**Assigned task**. Of the lines in the data below, write out exactly those from the one holding "a tan cat stands looking at the camera" through the one holding "6 Picture Books We", both included.

**Records for this exercise**.
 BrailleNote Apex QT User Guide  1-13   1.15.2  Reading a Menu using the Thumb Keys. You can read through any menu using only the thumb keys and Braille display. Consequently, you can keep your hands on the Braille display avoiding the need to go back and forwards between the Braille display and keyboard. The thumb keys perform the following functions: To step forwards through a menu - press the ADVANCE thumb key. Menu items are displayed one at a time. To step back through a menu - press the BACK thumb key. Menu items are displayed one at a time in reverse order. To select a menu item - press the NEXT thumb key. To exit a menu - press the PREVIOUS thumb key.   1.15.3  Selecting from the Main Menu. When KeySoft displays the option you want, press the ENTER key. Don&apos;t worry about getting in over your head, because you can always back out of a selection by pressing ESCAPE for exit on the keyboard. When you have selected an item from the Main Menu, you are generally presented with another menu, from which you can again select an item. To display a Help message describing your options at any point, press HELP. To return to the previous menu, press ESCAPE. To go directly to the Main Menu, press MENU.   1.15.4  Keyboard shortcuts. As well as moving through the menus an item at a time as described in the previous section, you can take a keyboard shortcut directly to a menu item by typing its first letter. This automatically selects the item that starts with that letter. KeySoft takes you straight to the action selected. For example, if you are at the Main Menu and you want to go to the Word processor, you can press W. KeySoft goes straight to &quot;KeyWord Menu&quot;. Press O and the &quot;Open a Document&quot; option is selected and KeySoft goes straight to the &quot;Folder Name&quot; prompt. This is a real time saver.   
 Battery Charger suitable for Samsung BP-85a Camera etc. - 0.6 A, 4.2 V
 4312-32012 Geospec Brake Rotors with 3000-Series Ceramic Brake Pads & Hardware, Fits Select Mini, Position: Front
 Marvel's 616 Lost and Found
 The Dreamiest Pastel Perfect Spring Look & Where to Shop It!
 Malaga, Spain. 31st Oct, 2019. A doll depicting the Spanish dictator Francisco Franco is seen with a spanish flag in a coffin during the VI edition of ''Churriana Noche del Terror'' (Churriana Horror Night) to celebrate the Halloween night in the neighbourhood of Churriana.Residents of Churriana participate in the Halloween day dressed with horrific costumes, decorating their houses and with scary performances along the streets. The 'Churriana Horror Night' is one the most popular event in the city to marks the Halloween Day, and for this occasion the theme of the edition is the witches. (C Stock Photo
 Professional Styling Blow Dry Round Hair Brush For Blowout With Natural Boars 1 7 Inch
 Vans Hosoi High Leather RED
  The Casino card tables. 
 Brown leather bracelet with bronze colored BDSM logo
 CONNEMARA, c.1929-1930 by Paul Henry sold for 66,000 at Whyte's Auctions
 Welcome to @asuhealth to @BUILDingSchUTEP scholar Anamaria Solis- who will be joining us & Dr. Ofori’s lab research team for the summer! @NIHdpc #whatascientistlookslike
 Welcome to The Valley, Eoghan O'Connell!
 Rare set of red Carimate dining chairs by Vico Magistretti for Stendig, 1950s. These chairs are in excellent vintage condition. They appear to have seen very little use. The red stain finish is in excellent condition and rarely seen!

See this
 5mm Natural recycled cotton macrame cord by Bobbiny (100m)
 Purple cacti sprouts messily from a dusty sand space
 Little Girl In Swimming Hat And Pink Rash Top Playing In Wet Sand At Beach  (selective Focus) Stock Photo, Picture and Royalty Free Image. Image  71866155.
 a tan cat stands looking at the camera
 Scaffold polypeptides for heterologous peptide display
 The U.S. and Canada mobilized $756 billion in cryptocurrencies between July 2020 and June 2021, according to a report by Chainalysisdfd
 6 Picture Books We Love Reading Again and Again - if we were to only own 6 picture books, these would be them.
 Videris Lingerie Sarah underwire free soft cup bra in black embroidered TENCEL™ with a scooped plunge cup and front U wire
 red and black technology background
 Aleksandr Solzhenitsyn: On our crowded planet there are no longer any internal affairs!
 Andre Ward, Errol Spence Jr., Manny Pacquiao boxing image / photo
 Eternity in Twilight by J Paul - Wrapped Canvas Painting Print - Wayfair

**Task answer**.
 a tan cat stands looking at the camera
 Scaffold polypeptides for heterologous peptide display
 The U.S. and Canada mobilized $756 billion in cryptocurrencies between July 2020 and June 2021, according to a report by Chainalysisdfd
 6 Picture Books We Love Reading Again and Again - if we were to only own 6 picture books, these would be them.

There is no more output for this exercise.